The Journal notes that the UAW “has so far said relatively little” about the proposed merger. The union’s web site makes no mention of it, although it is replete with postings extolling the importance of electing Barack Obama. One would not gather from the UAW’s web site that the US auto industry is on the verge of an historic collapse. 

So far in 2008 there have been thousands of layoffs in the auto industry the world over. In the US, Chrysler recently announced that it would lay off one quarter of its white-collar employees. On October 16, GM announced that it would lay off 1,600 employees at three assembly plants in Michigan and Delaware by year’s end. GM, Ford, and Chrysler have already scheduled major plant closings for 2009 in the US, Canada, and Mexico. 

Even prior to the eruption of the financial crisis on Wall Street in September, the position of the Big Three was considered dire. Talks had been under way for several months about the provision of a loan to the auto industry so it could “retool” its plants. Both major party presidential candidates, Barack Obama and John McCain, supported the bailout. A $25 billion aid package to be administered through the Energy Department was eventually approved, although largely overshadowed by the gargantuan bailout of the financial industry. But in the face of the greatest economic crisis since the Great Depression, the aid package has been quickly proven insufficient.

In the event of a GM-Chrysler merger, the UAW will ritualistically claim that it will not necessarily result in the loss of many jobs, and that it is the only way to “save the industry.” These are the same lies that the UAW deploys every time the auto industry calls it to heel, demanding it exact another pound of flesh from the working class. 

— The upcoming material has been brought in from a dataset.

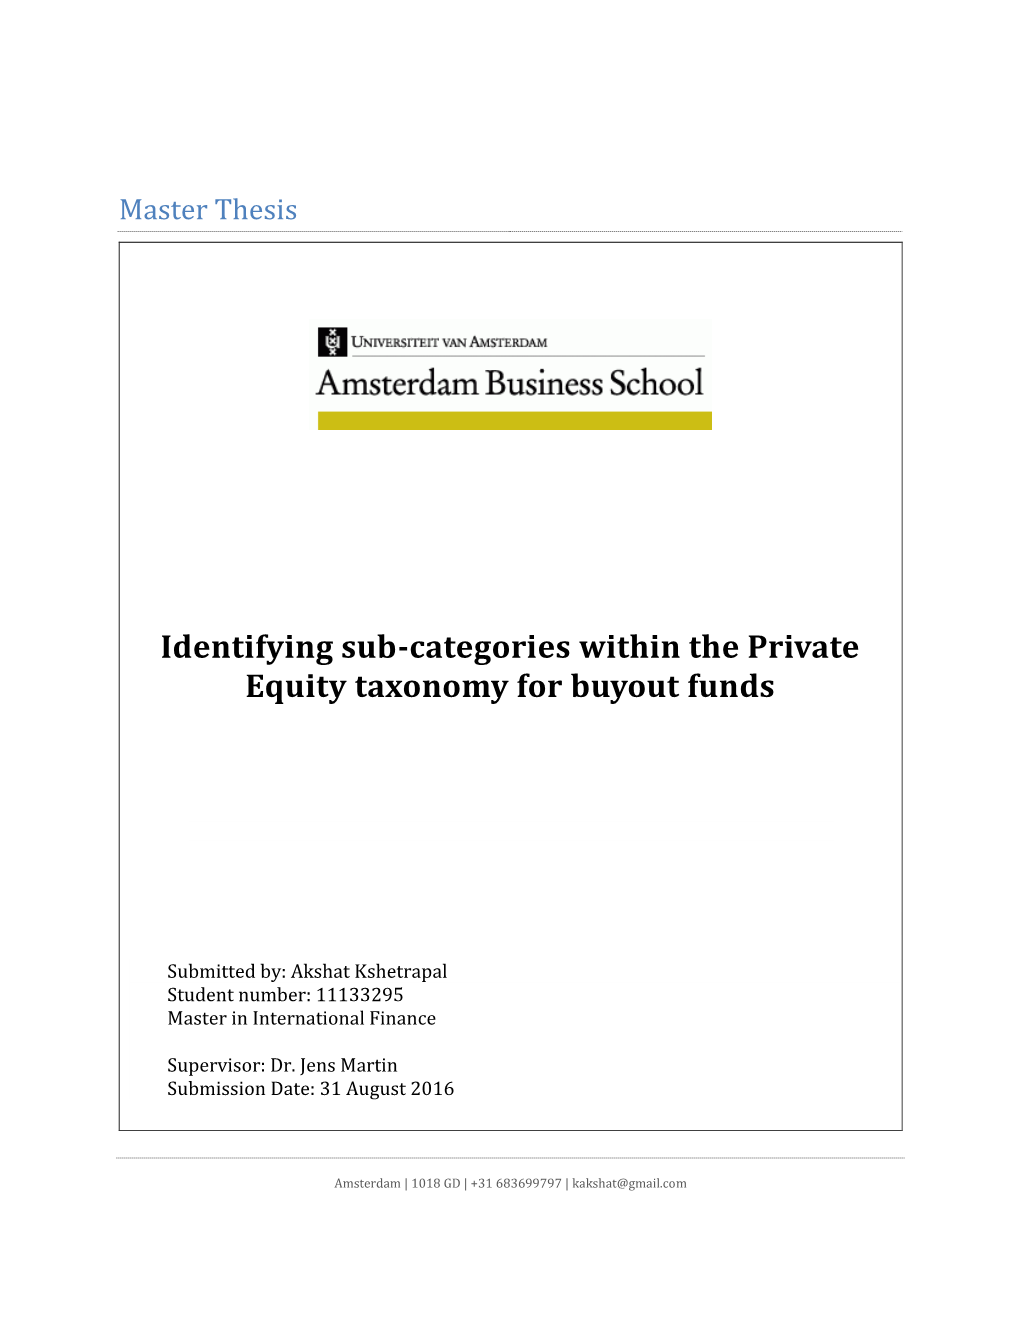 Identifying Sub-Categories Within the Private Equity Taxonomy for Buyout Funds
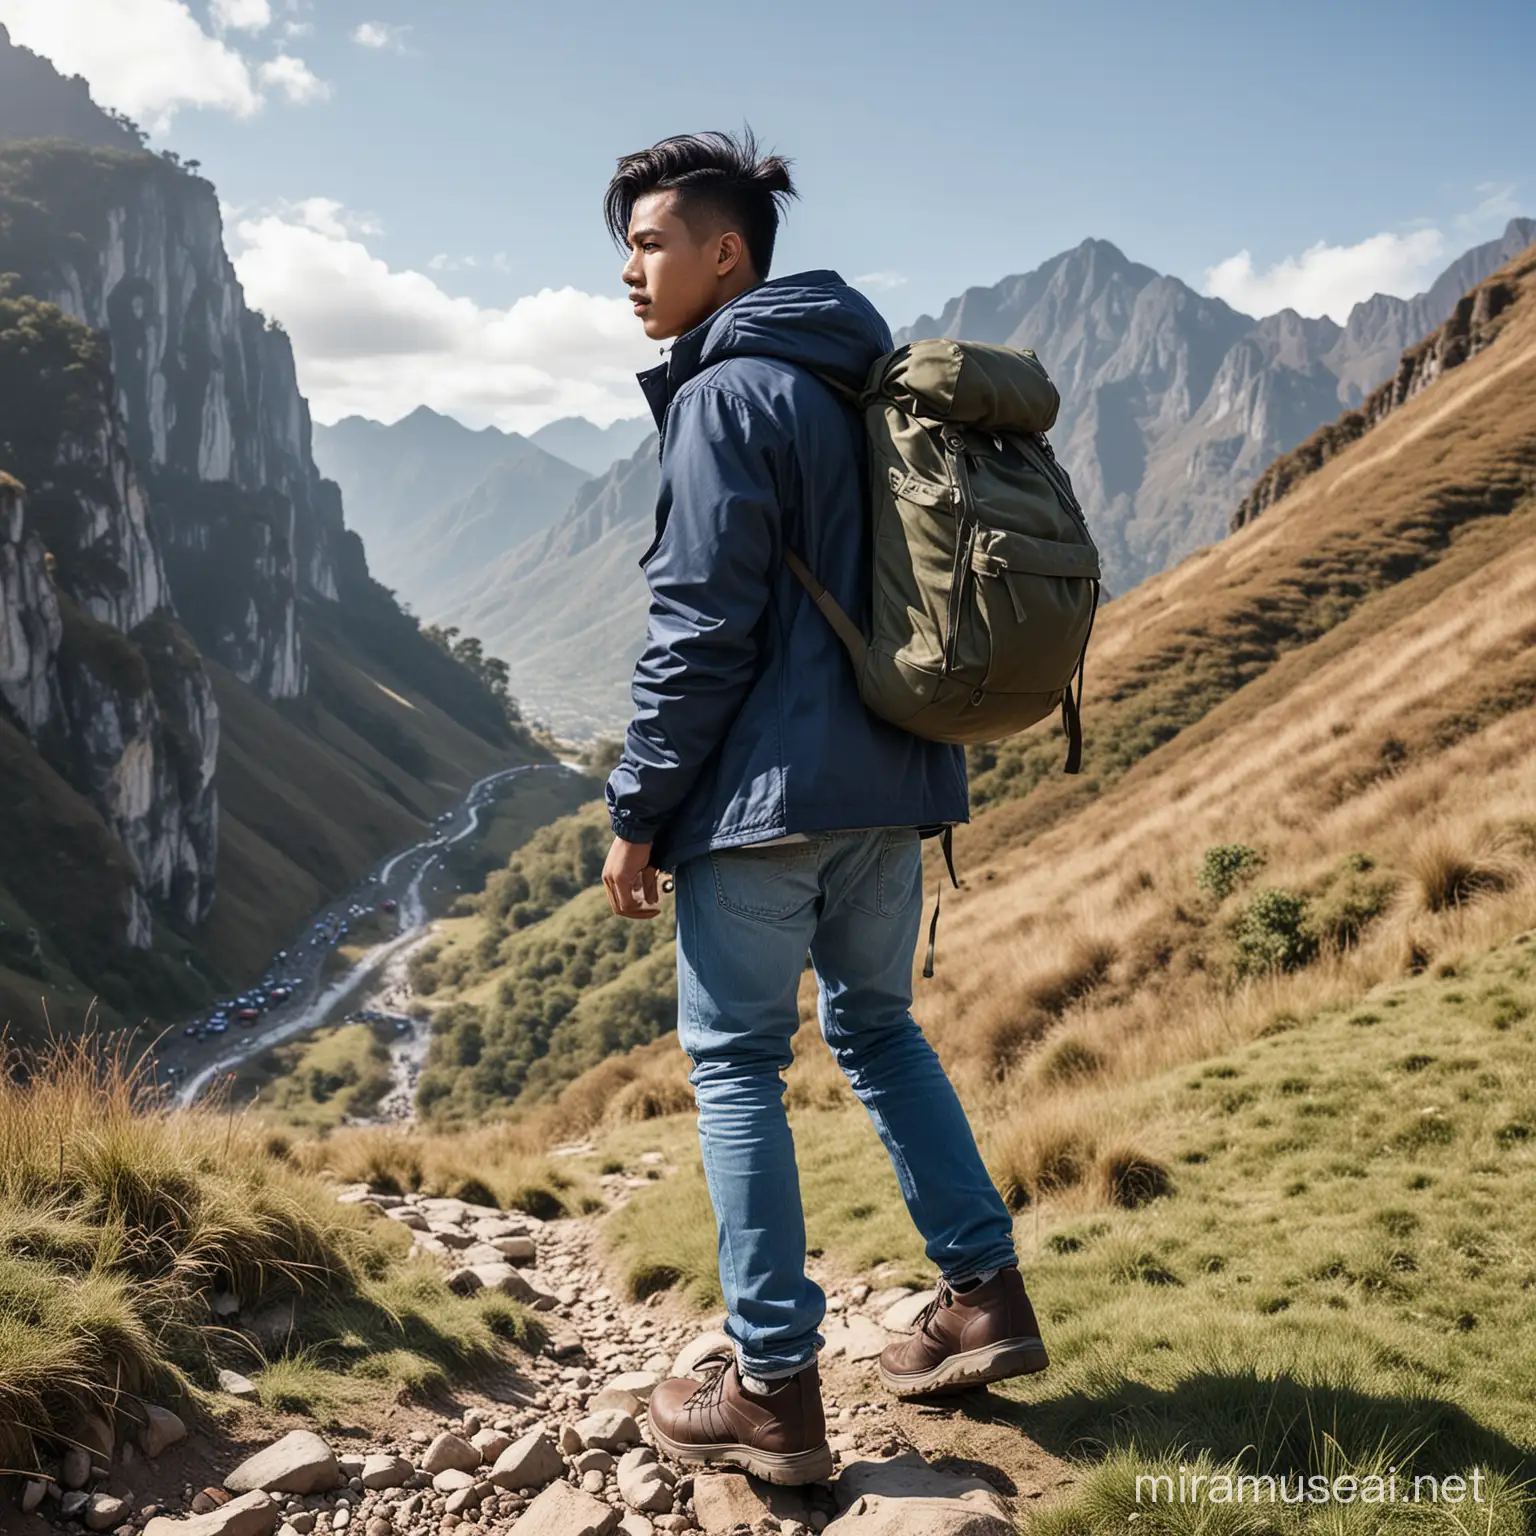 Young Indonesian Man Descending Steep Terrain with Backpack in Mountainous Landscape

Last year, the UAW overcame rank-and-file opposition to “save the industry” through massive layoffs and cuts to benefits. One year later, the auto industry is on the verge of total collapse. This story has repeated itself since the late 1970s, when the federal government bailed out Chrysler Corporation on the condition that the UAW would force major concessions on its workers. Since 1978, some three quarters of a million jobs have been lost in the auto industry.

While the number of autoworkers has declined precipitously, devastating whole states and regions, the salaries and expense accounts of the same UAW bureaucrats who have failed to defend their union members have continued to grow. This culminated with the launching of the VEBA program last year.  

To defend their jobs and living standards, autoworkers must break out of the straitjacket of the UAW and build, in conjunction with workers employed in the auto industry around the world, a mass party of the working class that fights for political power and has as its aim the reorganization of the world economy to meet pressing social needs, not the profit drive of the big financiers.